**WORK ITEM:** From top to bottom, retype the data exactly, passing over any picture.

**GIVEN DATA:**
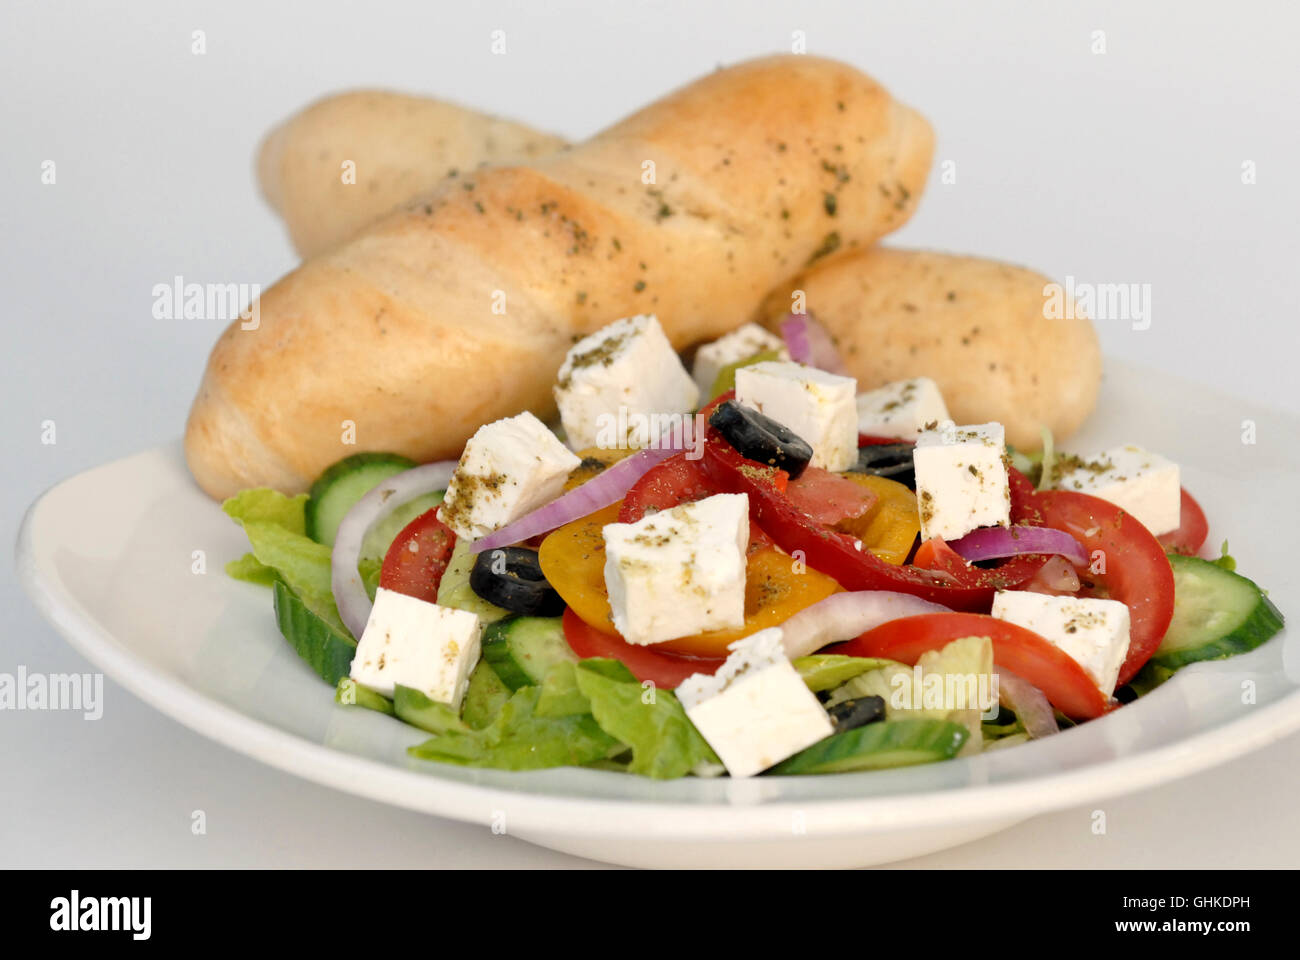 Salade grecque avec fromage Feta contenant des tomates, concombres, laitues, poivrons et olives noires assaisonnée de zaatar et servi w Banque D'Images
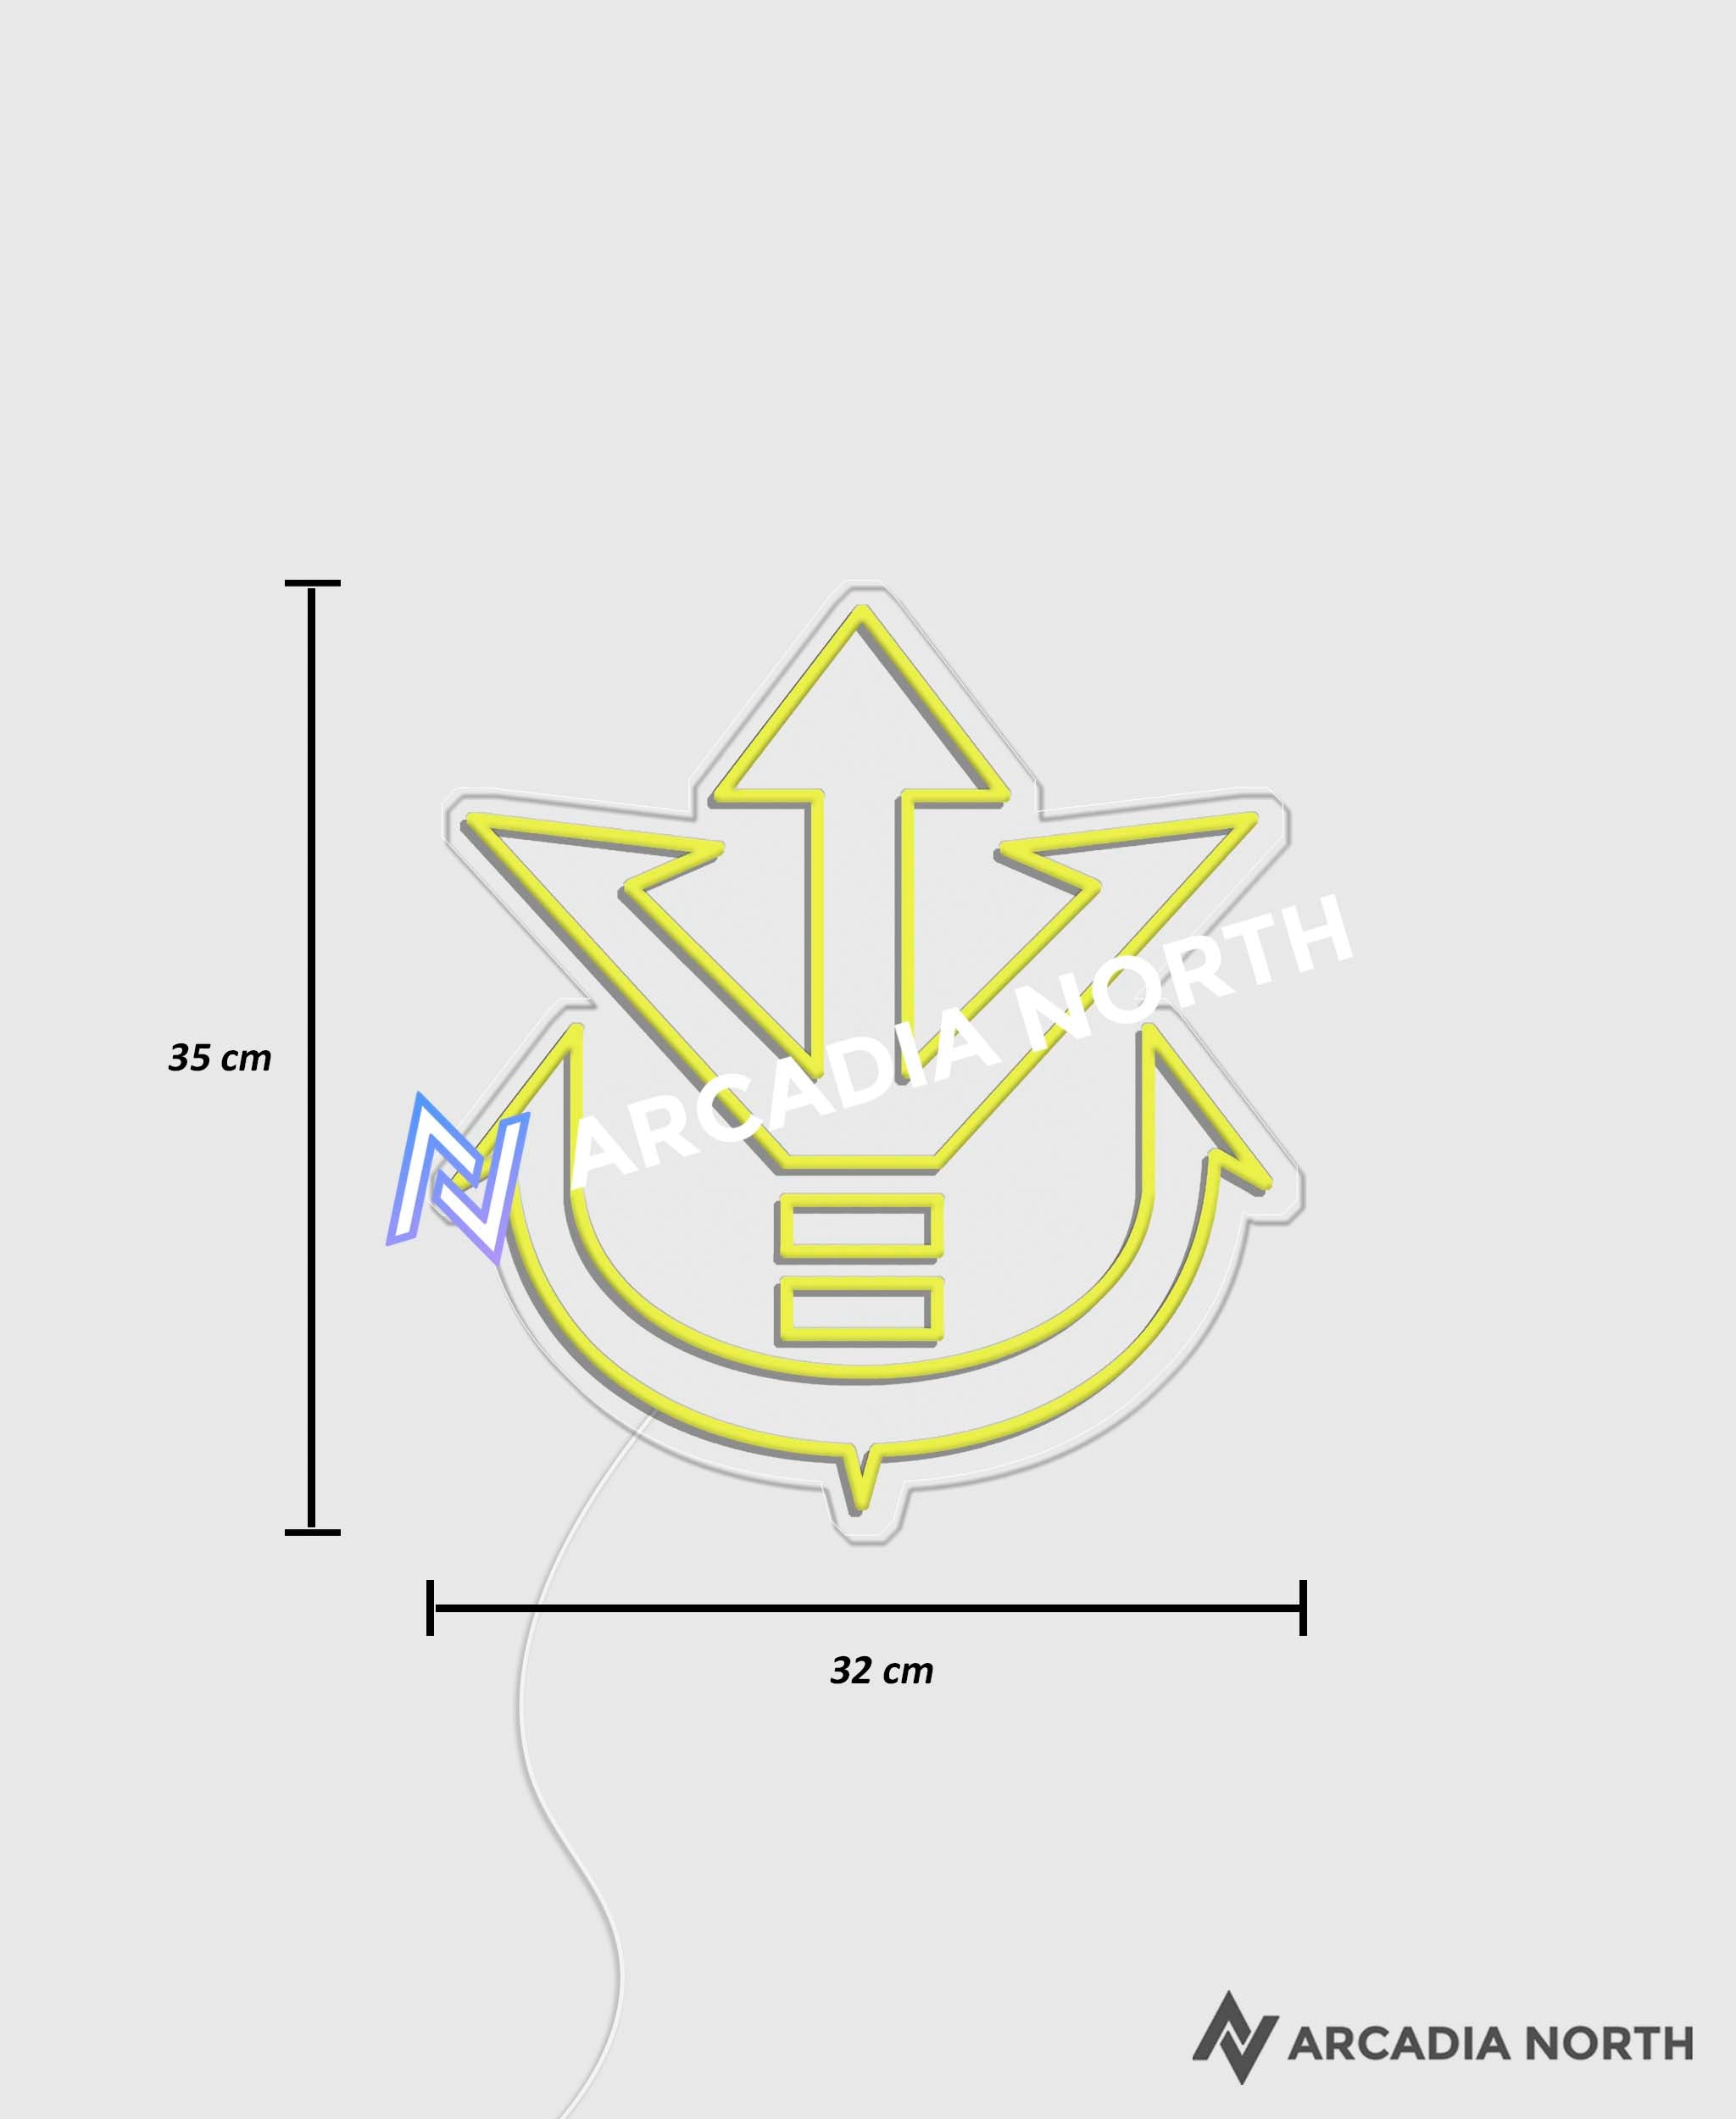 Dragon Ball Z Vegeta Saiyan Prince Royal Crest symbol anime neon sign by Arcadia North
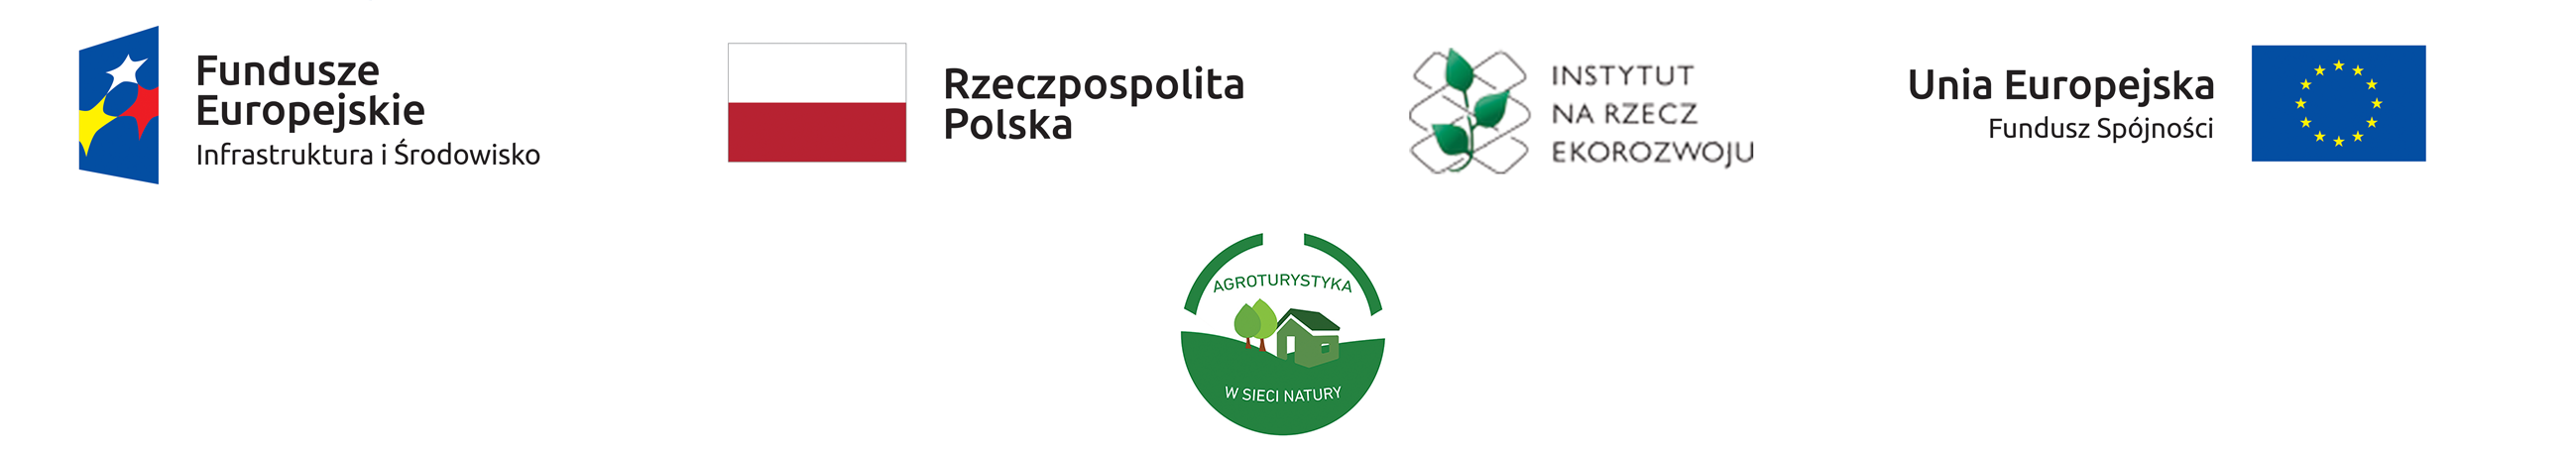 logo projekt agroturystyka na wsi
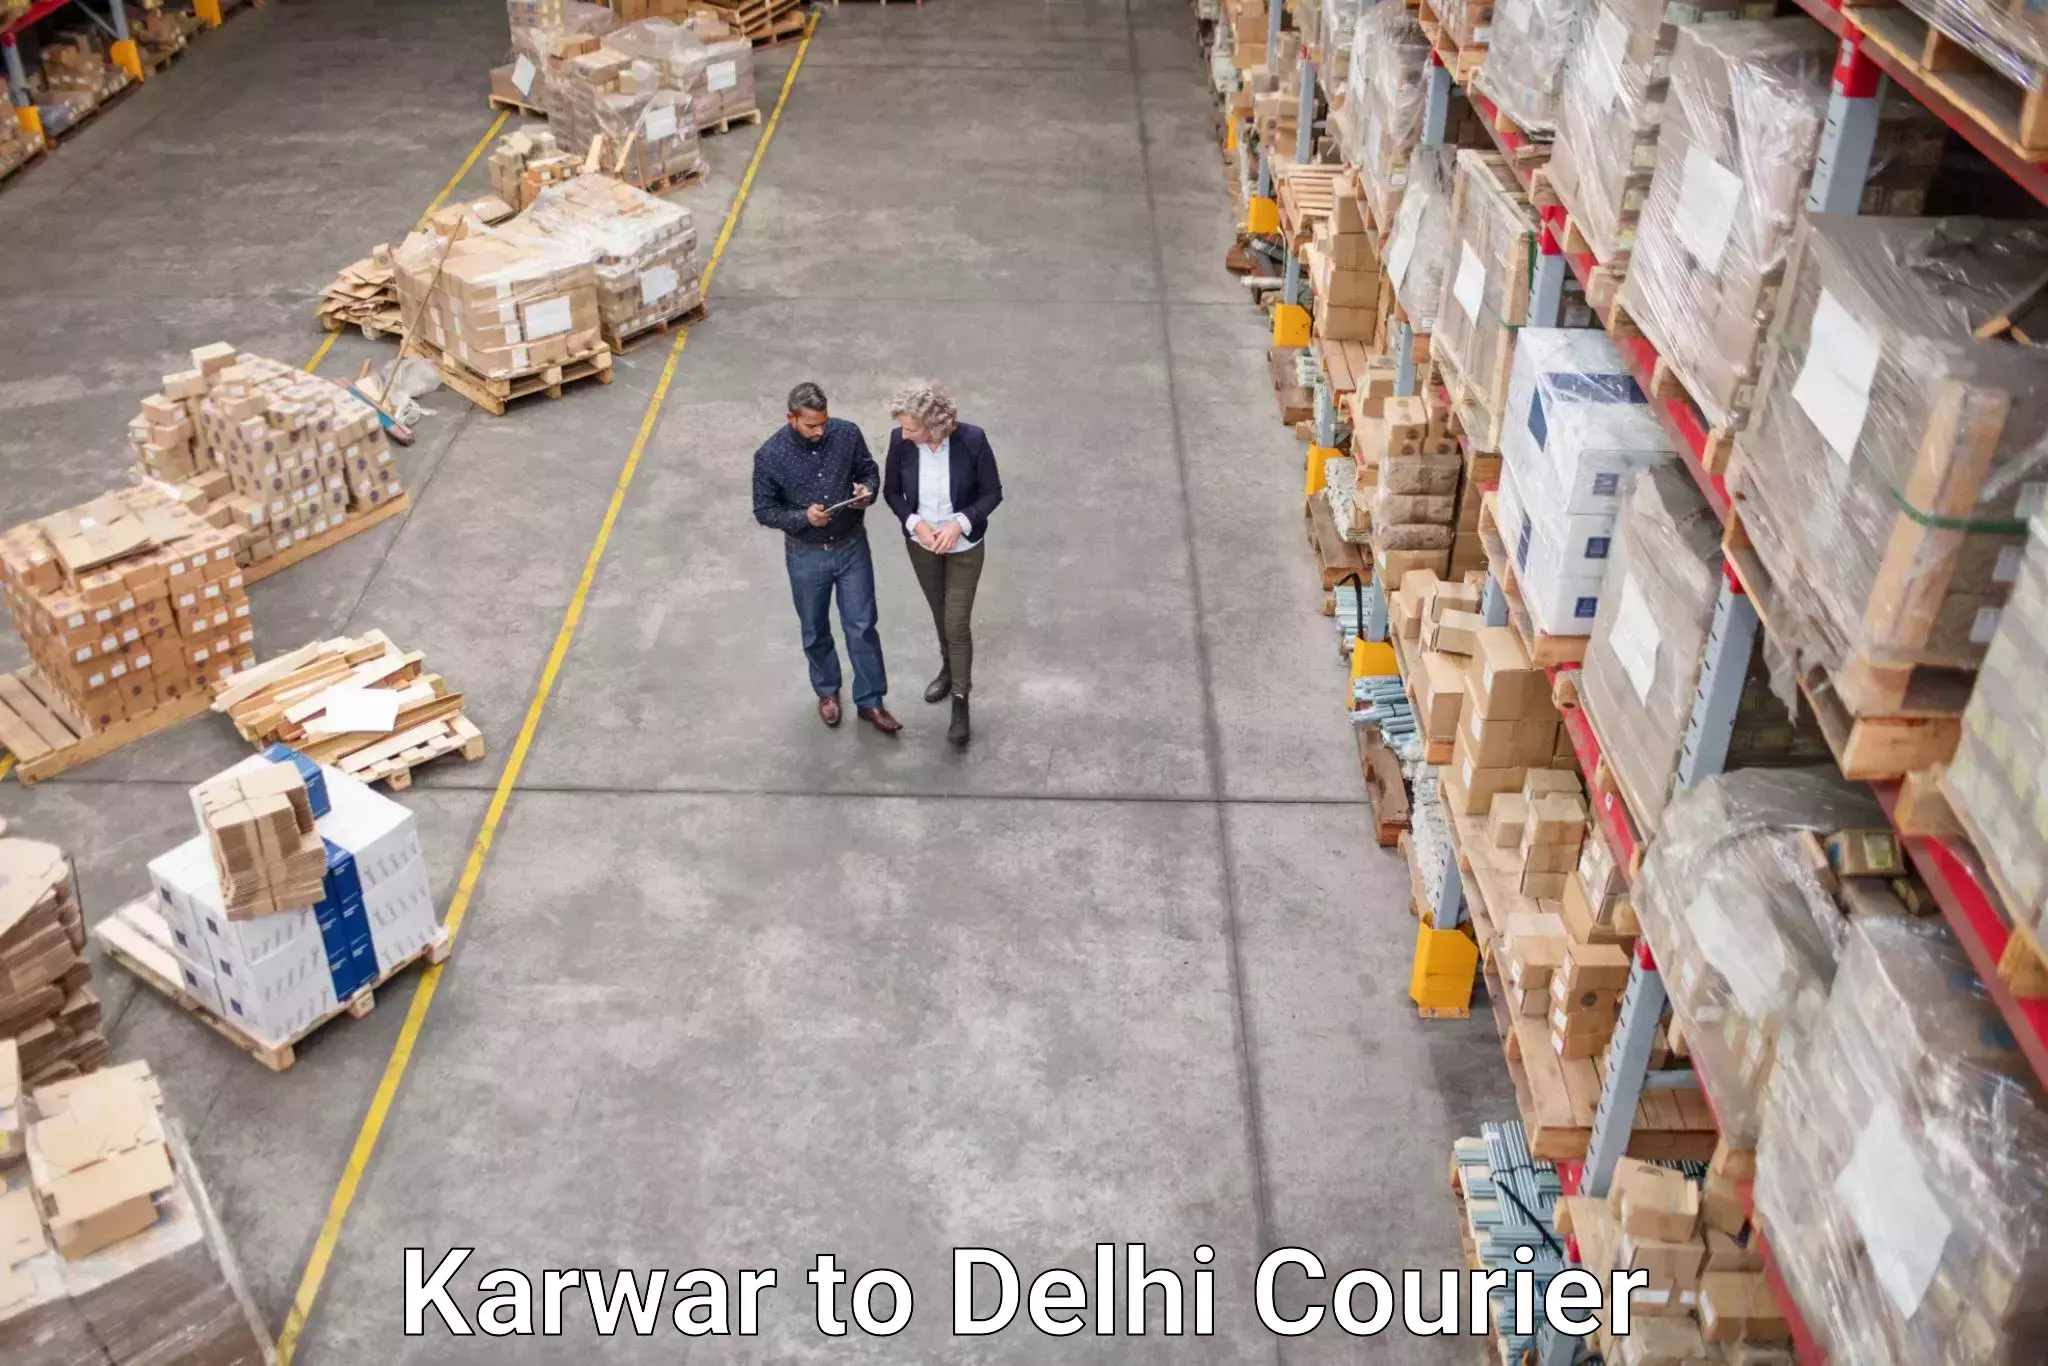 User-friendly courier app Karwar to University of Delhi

**REPLY:**
 Salade grecque avec fromage Feta contenant des tomates, concombres, laitues, poivrons et olives noires assaisonnée de zaatar et servi w Banque D'Images
 Dragon Ball Z Vegeta Saiyan Prince Royal Crest symbol anime neon sign by Arcadia North
 logo projekt agroturystyka na wsi
 User-friendly courier app Karwar to University of Delhi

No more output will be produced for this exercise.